Start the Coverage Audit

Footnotes

  1. The duty of utmost good faith (uberrimae fidei) in insurance originates in Carter v Boehm (1766) 3 Burr 1905 and has been developed through substantial case law. For current English law, see Insurance Act 2015 (UK), Sections 3-8 (the duty of fair presentation). For EU equivalents: German Versicherungsvertragsgesetz (VVG), Sections 19-22; French Code des assurances Article L.113-2; Dutch Civil Code (BW), Book 7, Articles 928-930.

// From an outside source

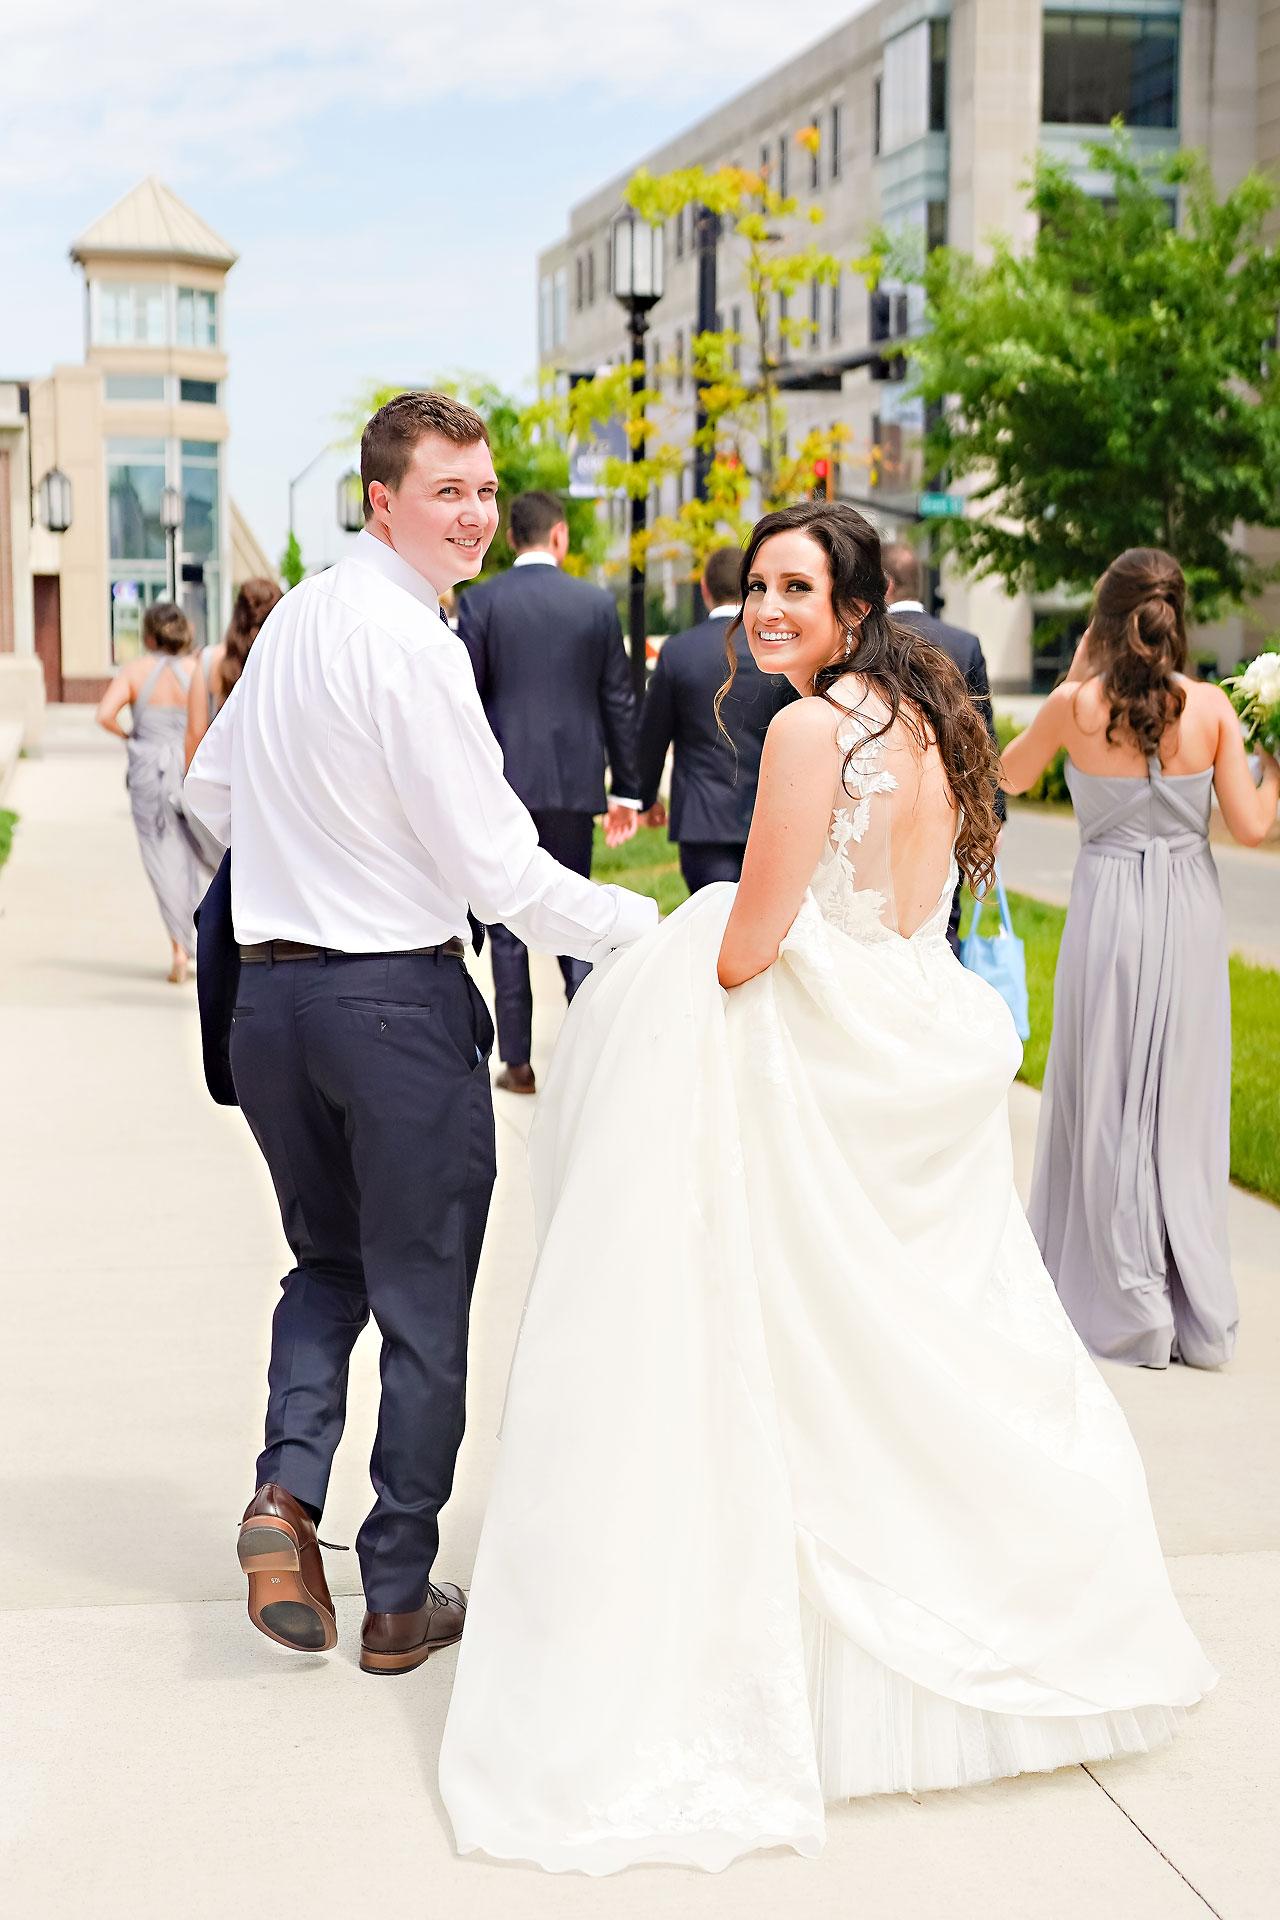 MacKinze John Lafayette Indiana Purdue Wedding 096

  2. Insurance Act 2015 (UK). The Act replaced the Marine Insurance Act 1906 regime from 12 August 2016. Section 8 sets out the proportionate remedies for qualifying breaches of the duty of fair presentation. For a non-qualifying breach (neither deliberate nor reckless), the insurer's remedy is limited to what it would have done if the fair presentation had been made: declining to write the risk, adding terms, or charging a higher premium.
  3. For evidence of AI exclusion activity in the US market: AIG has filed endorsements in multiple states under ISO form language limiting coverage for losses arising from autonomous AI decisions. WR Berkley CEO William Berkley stated publicly in October 2023 that the company viewed AI as a largely uninsurable risk under existing cyber forms. Great American Insurance has added AI operational risk exclusions to standard E&O renewals. Similar trends are being tracked by the Insurance Information Institute's AI and Insurance working group.
  4. German Versicherungsvertragsgesetz (VVG), Section 19 (Anzeigepflicht): the policyholder must report all circumstances known to them at the time of the application that are material to the insurer's acceptance of the risk. Section 21 provides remedies for breach including avoidance, withdrawal, and premium adjustment. French Code des assurances Article L.113-8: the insurer may void the contract for wilful misrepresentation or omission. Article L.113-9: for non-wilful misrepresentation, the insurer may cancel the contract or reduce the indemnity proportionately to the premium charged versus what would have been charged.
  5. Counterpart Affirmative AI Coverage launched November 2025. Scope: Miscellaneous Professional Liability and Allied Health with Tech E&O insuring agreement. Backing: Aspen, Markel, Westfield Specialty. HSB AI Liability Insurance for Small Business launched March 2026 (HSB is a Munich Re subsidiary). For current European market listings, see agentinsured.eu AI liability insurance market map 2026.
  6. Regulation (EU) 2024/1689 (EU AI Act). Article 26 sets out deployer obligations for high-risk AI systems including: taking appropriate technical and organisational measures to ensure use in accordance with instructions; assigning human oversight to natural persons with competence and authority; monitoring operation; suspending use where risk is identified; and keeping logs where the system provides for automated log-keeping. The documentation requirements under Article 26(1)(a) overlap substantially with the information an insurer requires for an AI-specific underwriting submission.